Except as otherwise expressly provided in this Agreement, no purported waiver by any Partner of any breach by another Partner of any of his or her obligations, agreements, or covenants shall be effective unless made in writing subscribed by the Partner or Partners sought to be bound, and no failure to pursue or elect any remedy with respect to any default under or breach of any provision of this Agreement shall be deemed to be a waiver of any other subsequent default or breach or any election of remedies available, nor shall the acceptance or receipt by any Partner of any money or other consideration due him or her under this Agreement, with or without knowledge of any breach under this Agreement, constitute a waiver of any provision of this Agreement with respect to that or any other breach.
The section headings contained in this Agreement have been inserted only as a matter of convenience or reference and in no way define, limit, or describe the scope or intent of any provisions of this Agreement, nor in any way affect any of the provisions. Where appropriate, the singular number shall be deemed to include the plural, and the plural number shall be deemed to include the singular.
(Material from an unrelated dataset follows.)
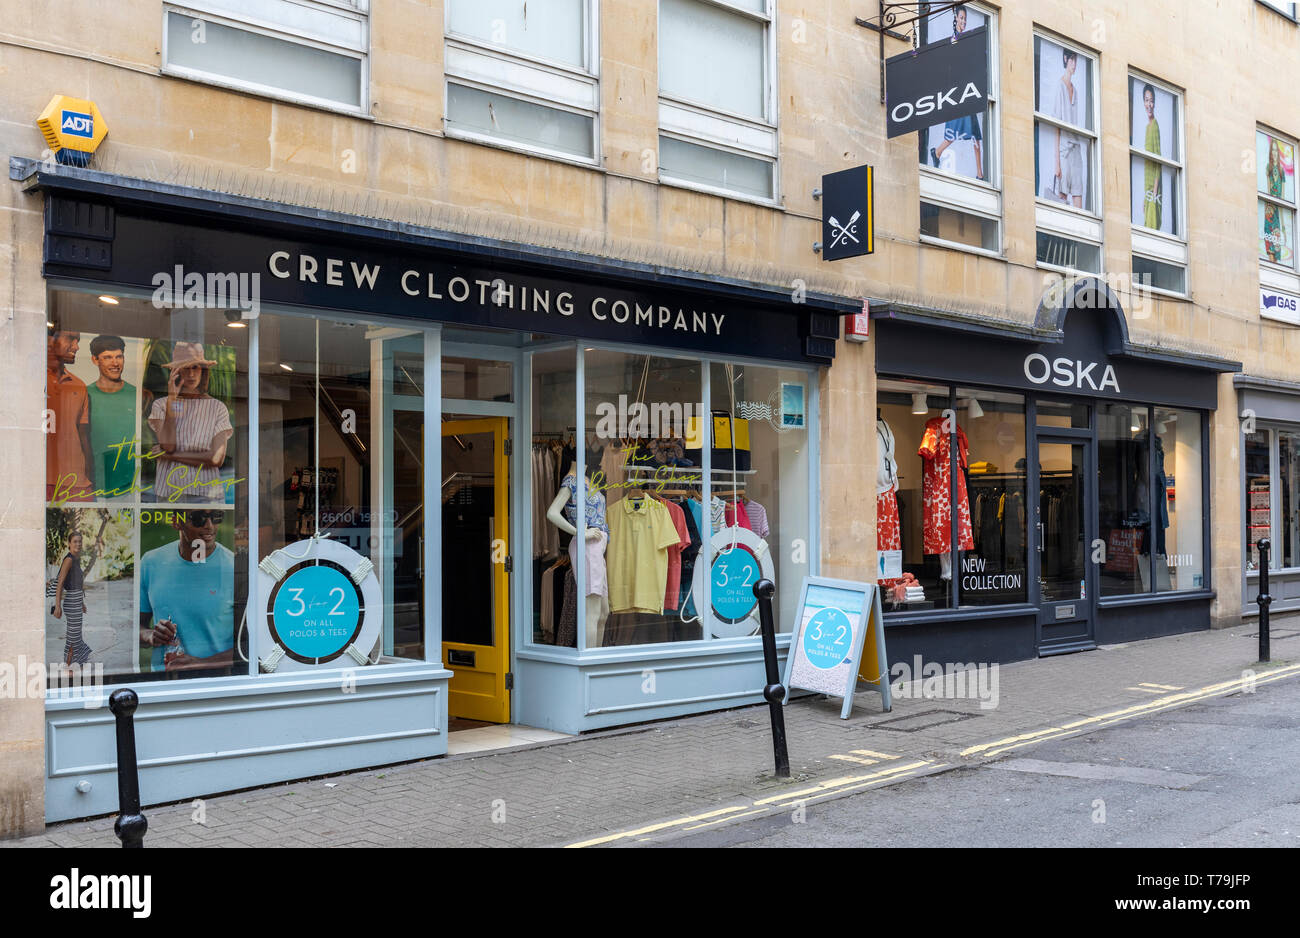 Crew Clothing Company and Oska stores in Upper Borough Walls, Bath, England, UK Stock Photo

Each provision of this Agreement shall be considered to be severable. If, for any reason, any provision or any part of a provision is determined to be invalid and contrary to any existing or future applicable law, the invalidity shall not impair the operation of or affect those portions of this Agreement that are valid, but this Agreement shall be construed and enforced in all respects as if the invalid or unenforceable provision or provisions had been omitted.
This Agreement may be executed in one or more counterparts. Each counterpart shall be deemed for all purposes to be an original, but all of the counterparts together shall constitute but one and the same instrument binding on all Partners.
This Agreement shall be binding on and inure to the benefit of the Partners and their respective executors, administrators, and successors. This Agreement shall not be deemed for the benefit of creditors or any other persons, nor shall it be deemed to permit any assignment by a Partner of any of his or her rights or obligations except as expressly provided in this Agreement.
Each of the Partners agrees that he or she shall hereafter execute and deliver such further instruments and do such further acts and things as may be required or useful to carry out the intent and purpose of this Agreement and are not inconsistent with law or the terms of this Agreement.
Each of the Partners permanently waives and relinquishes any and all rights he or she may have to cause any property of the Limited Partnership to be partitioned, it being the intention of the Partners to prohibit any Partner from bringing a suit for partition against the other Partners, or any of them.
All Partners agree to enter into mediation before filing suit against any other Partner or the Limited Partnership for any dispute arising from this Agreement or Limited Partnership. Partners agree to attend one session of mediation before filing a suit. If any Partner does not attend mediation or the dispute is not settled after one session of mediation, the Partners are free to file suit.
All Partners signed hereto agree to the above stated Agreement.